··· DATASET EXCERPT

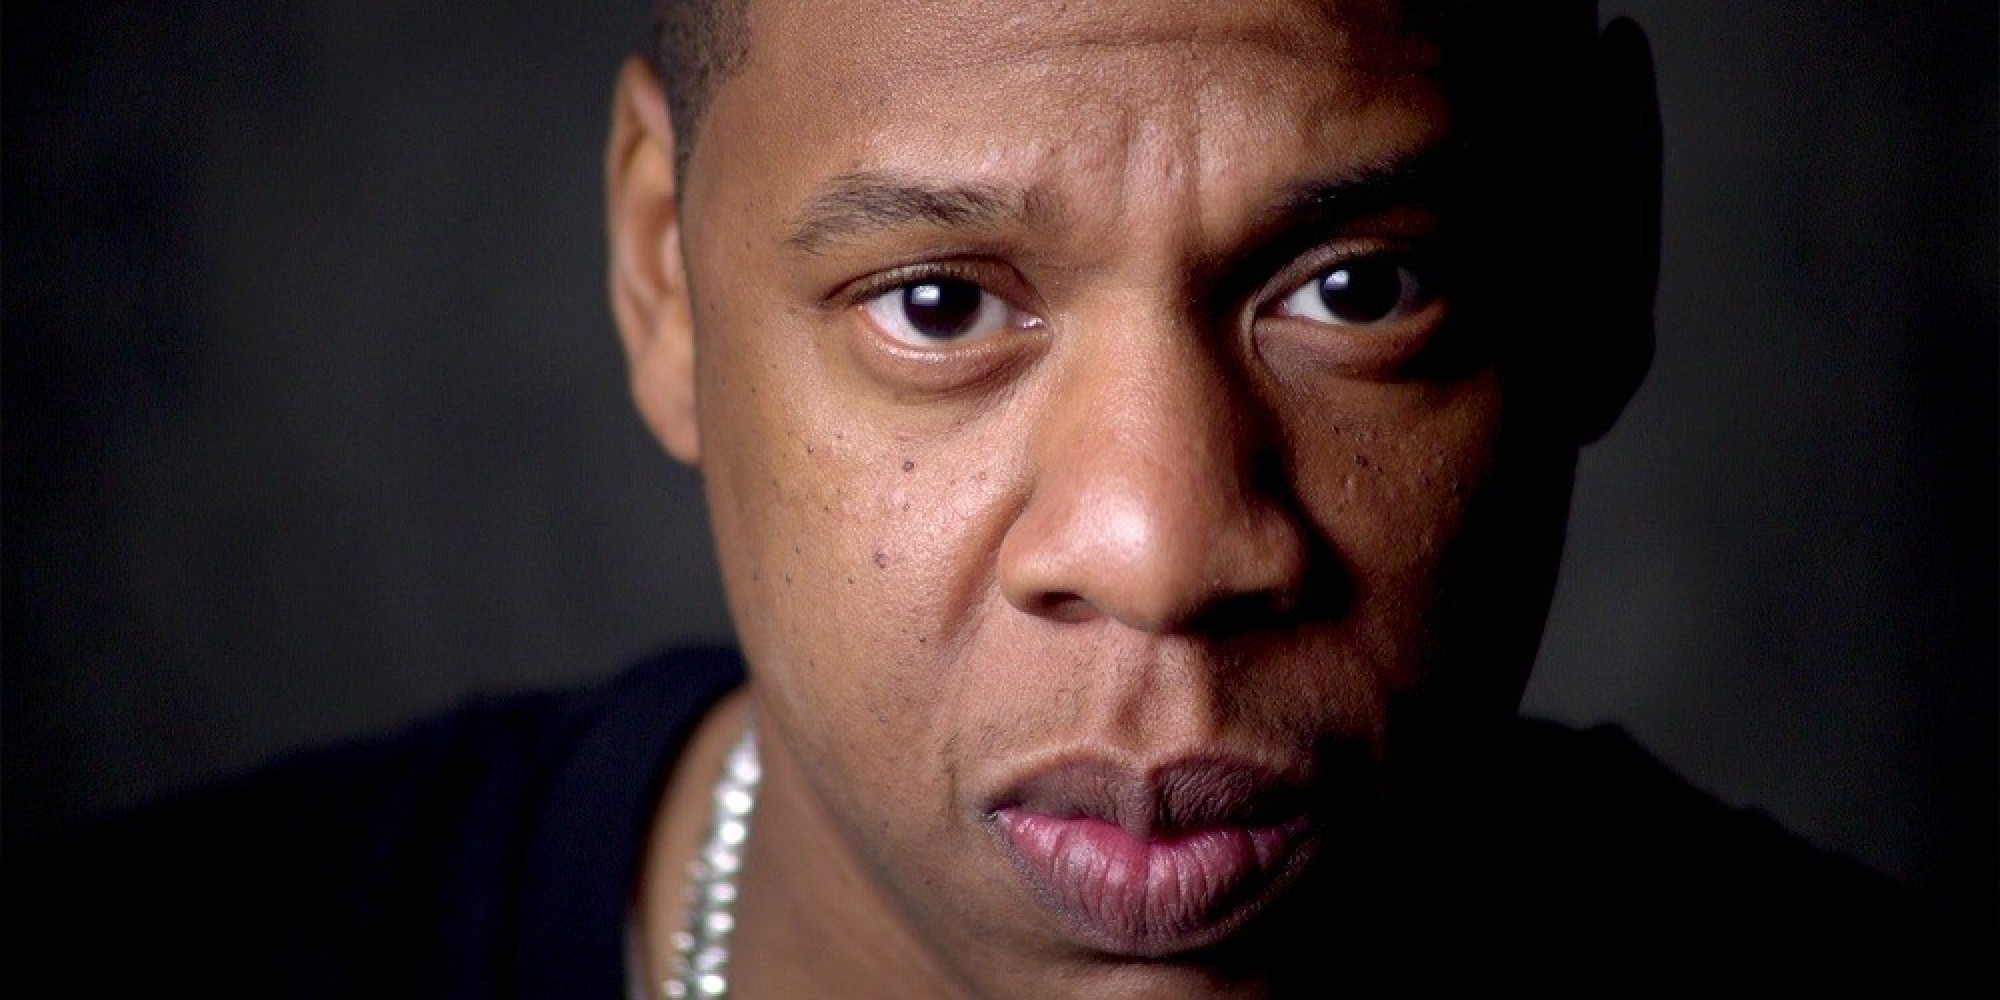 jay z discography torrent
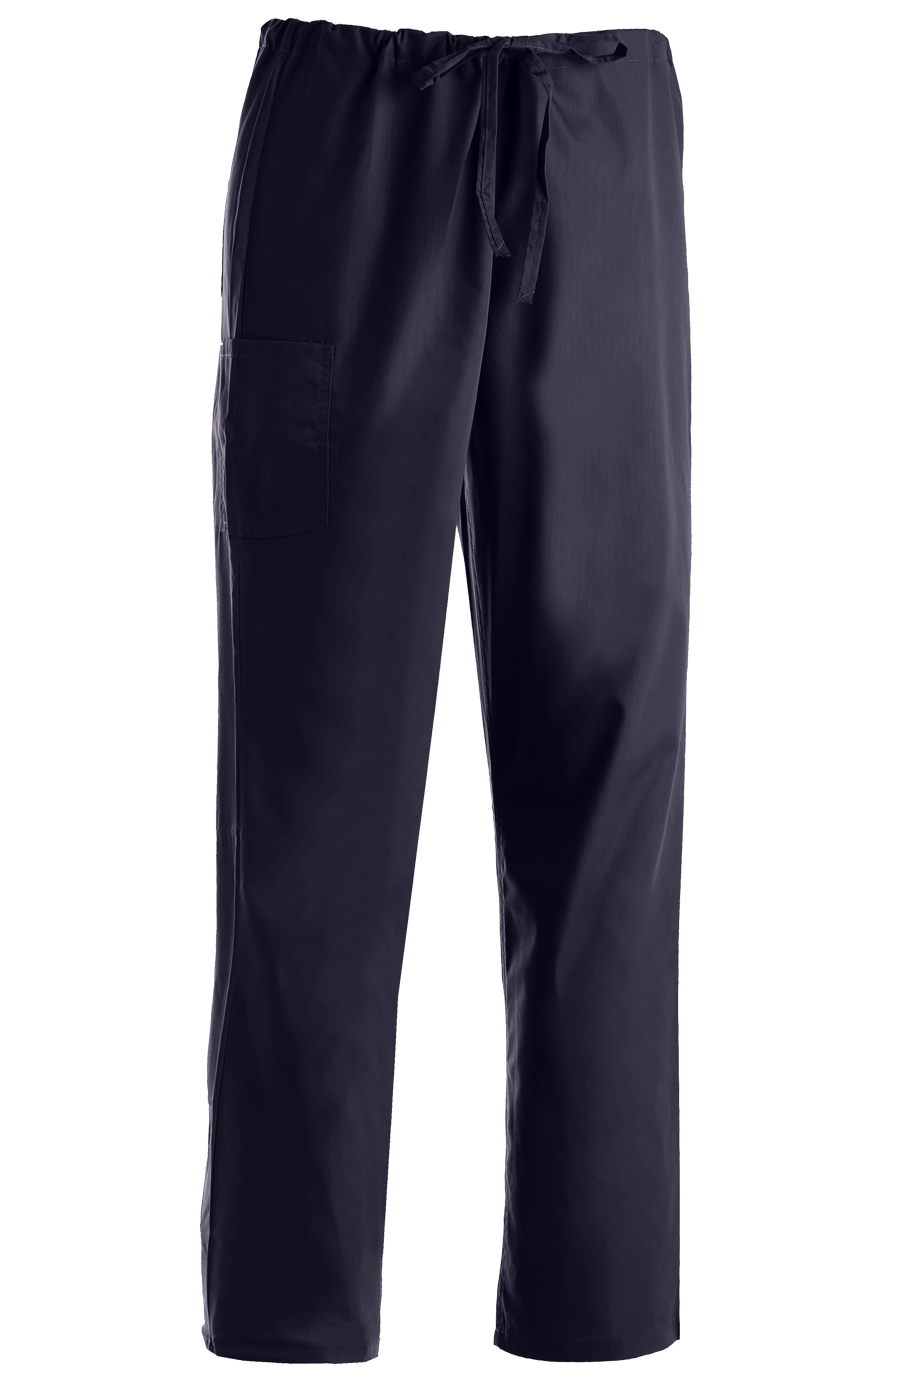 Housekeeping Pant With Cargo Pocket 2889
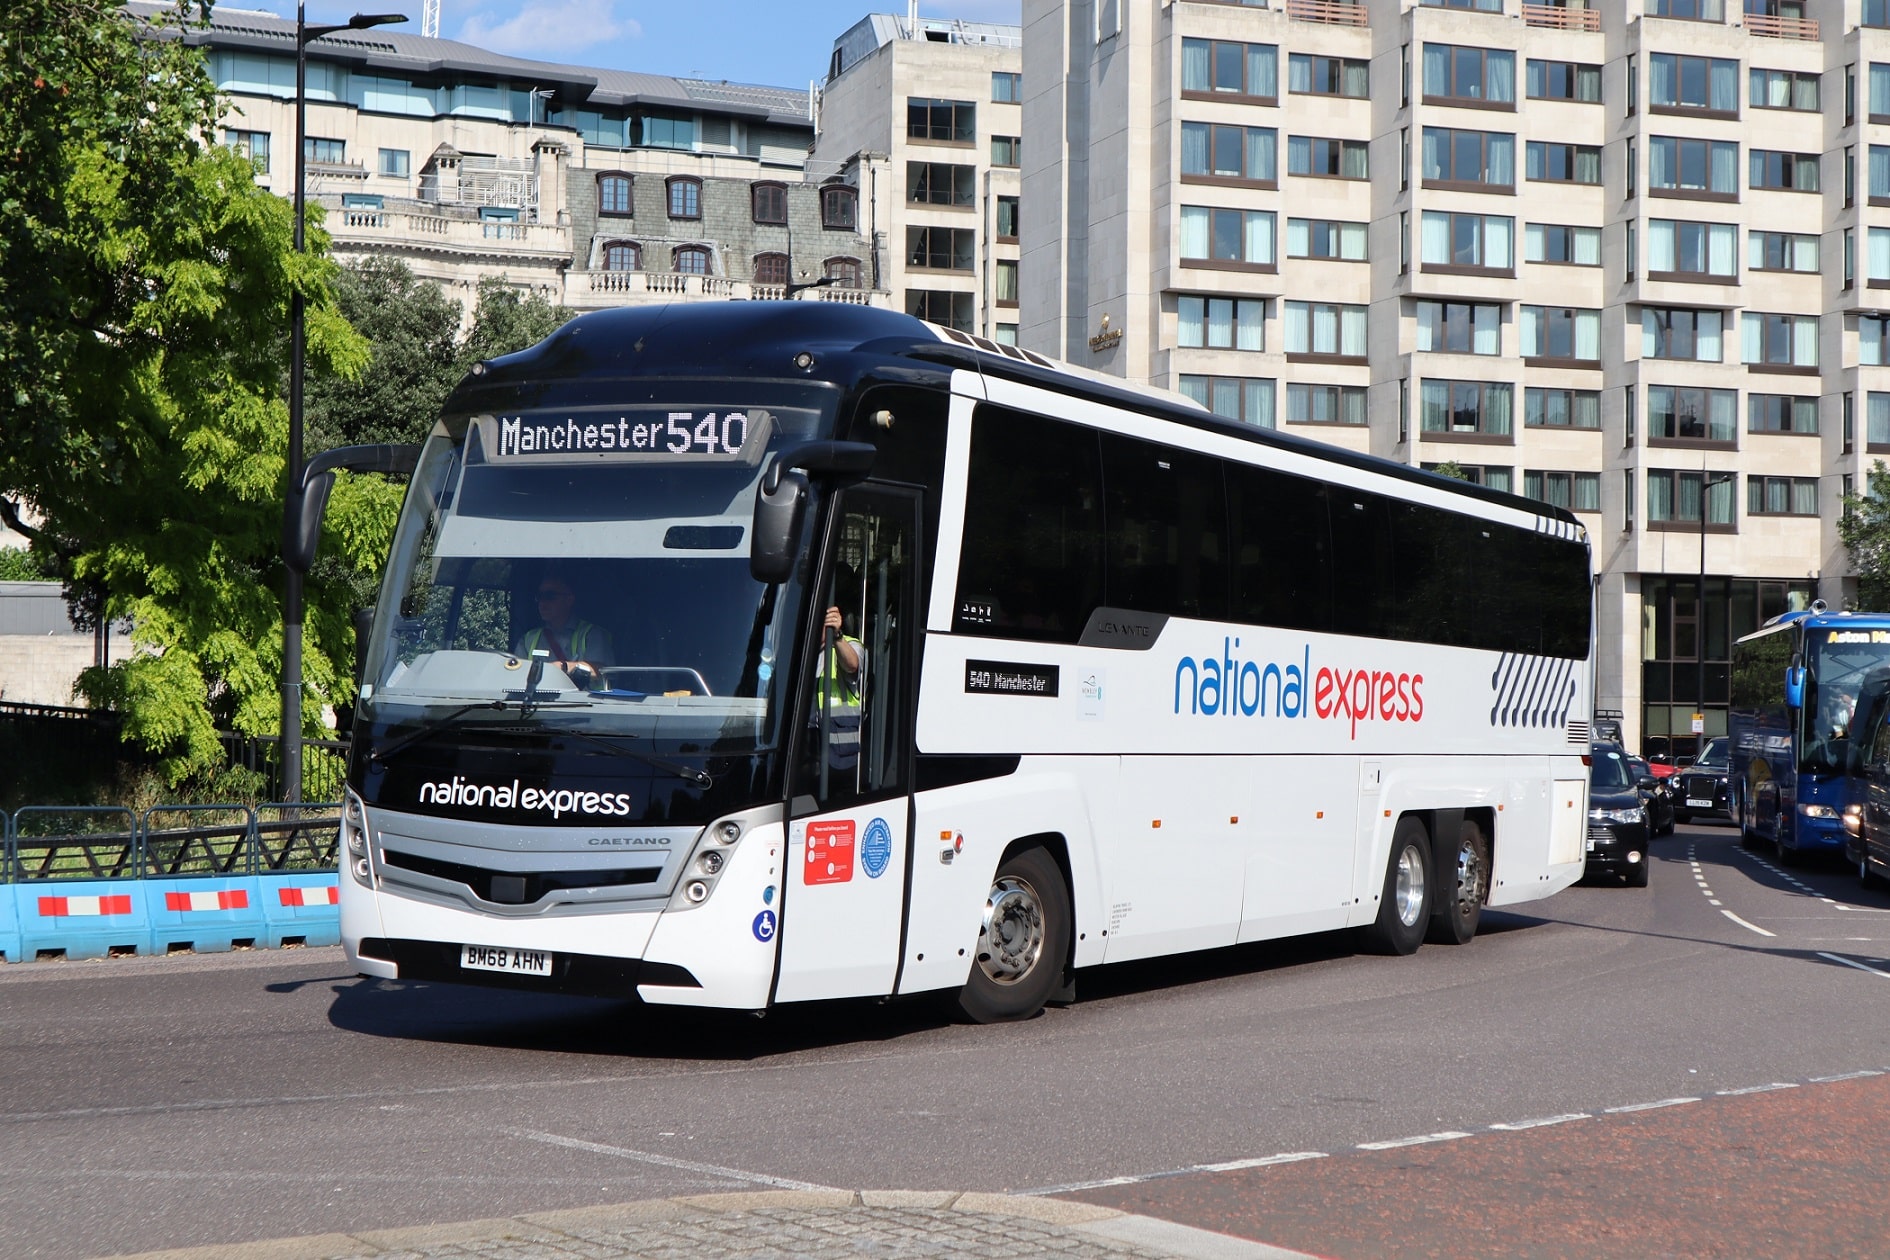 National Express UK Coach seeing business come back strongly

······

### TASK TO COMPLETE
Leave every picture out, and reproduce exactly the lines from the line bearing "Housekeeping Pant With Cargo Pocket 2889" through the closing line of the material above.

### RESULT FOR THIS TASK
 Housekeeping Pant With Cargo Pocket 2889
 National Express UK Coach seeing business come back strongly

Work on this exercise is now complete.